Why is this, and why does it matter? A hint towards the answer to this question lies back at the Church in Tabgha. Despite the attack, the ancient mosaic of those loaves and fishes, was not damaged. At the heart of a raging fire of aggression, the symbol of God's limitless love in Christ remained. This story, and above all the story in today's Gospel refocus our minds and hearts on the transformation which comes about when people commit their lives to Jesus Christ, whose death has trampled down death itself. The light, which as St John of the Cross says, shines most brightly at the heart of the darkness.

In today's readings there are two fundamental questions which open up the way of discipleship. The voice of God rhetorically asks the Prophet Job in the first lesson, "Where were you when I laid the foundation of the earth? Tell me, if you have understanding!" Job has suffered much, and seeks just a glimpse of understanding and reason for himself and for his family, to make some sense of what has been happening. The reply he is given is simply an overwhelming surge of the majesty and creativity of God. The context of Job's own peril is immeasurably broadened by the limitless sense of God's own capacious glory. Now, we must not make the mistake of reading scripture in our own image—this is an ancient text, and crude conclusions about our own suffering, or our own place in the world cannot be made. Job's suffering is not to be instrumentalised any more than the current suffering of Christians should be. But the role of Job, as indeed also for Christians today, is to be witnesses. Witnesses to God's glory, God's beauty and God's inexhaustible love. The American theologian Stanley Hauerwas reminds us that we Christians are not called to be successful, simply to be faithful.

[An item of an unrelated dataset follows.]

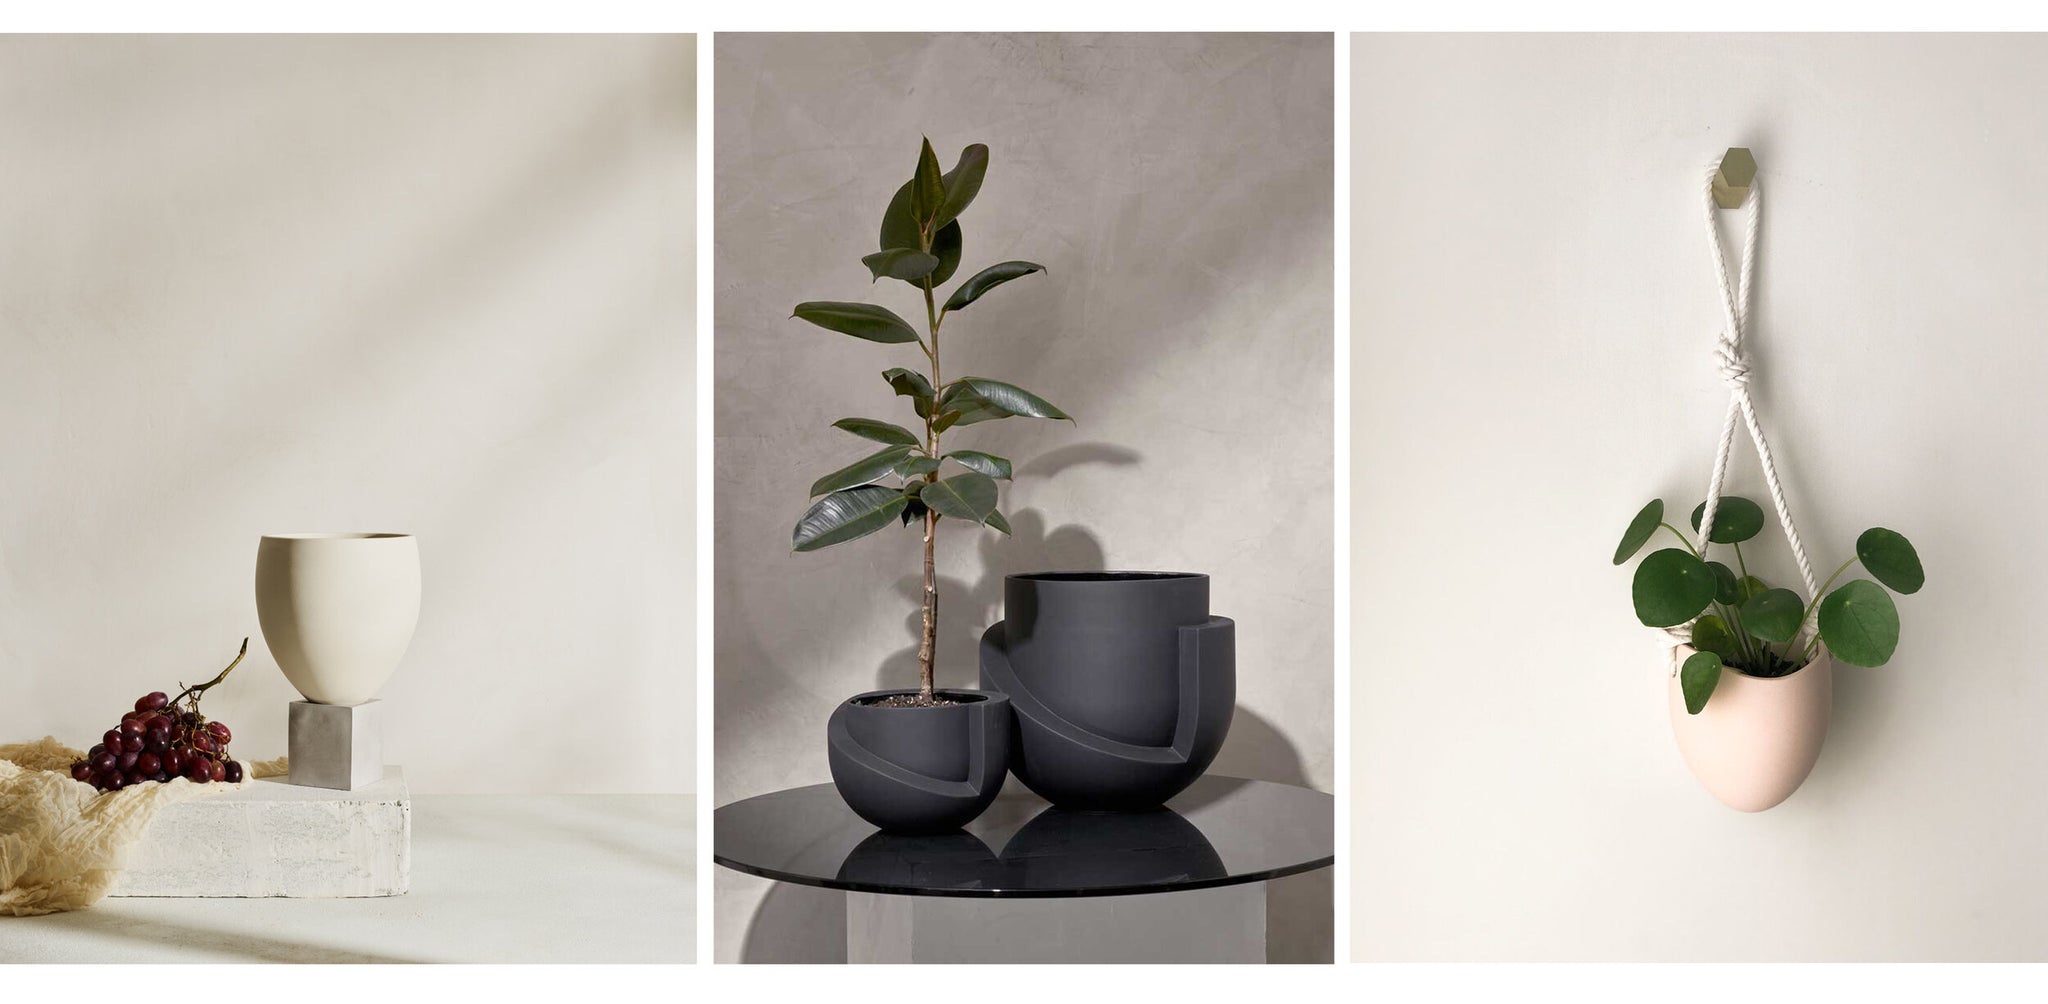 ELEVA porcelain and concrete planter,  VAYU ceramic planter,  SPORA ceramic planter with rope

The second question is asked by the disciples in the boat with Jesus, "Who is this, that even the wind and the sea obey him?" The question of who Jesus really is stands before us most intensely at times of chaos or uncertainty. It was CS Lewis who wrote that Christianity, if false, is of no importance; and if true of infinite importance. "The only thing it cannot be", he wrote, "is moderately important." The disciples, through their experience of walking with Jesus, including facing up to his own arrest, torture, death and resurrection, learn that Jesus is the incarnation and embodiment of God's own perfect peace. His body is the site of God's reconciliation with the world, the limitless life and energy unleashed through Christ's resurrection is what is remaking the world and unveiling the new Creation; it is what allows the families of the victims of the Charleston church shooter to forgive him, it is what encourages the Christians of the Holy Land and the Middle East to remain and to remain faithful.

"Why are you still afraid?", Jesus asks those in the boat. Isn't it obvious, they must have thought, as we may well reply now? But slowly, the life of Christ, if we allow it, will transform us, will re-energise us from the inside-out, from the heart. How? Because when we focus on the inexhaustible love symbolised in those loaves and fishes, we see that there is more than enough for everyone, more abundance than the world could ever need, more forgiveness than ever thought possible, where even the darkest, most violent site of fear and horror can be redeemed.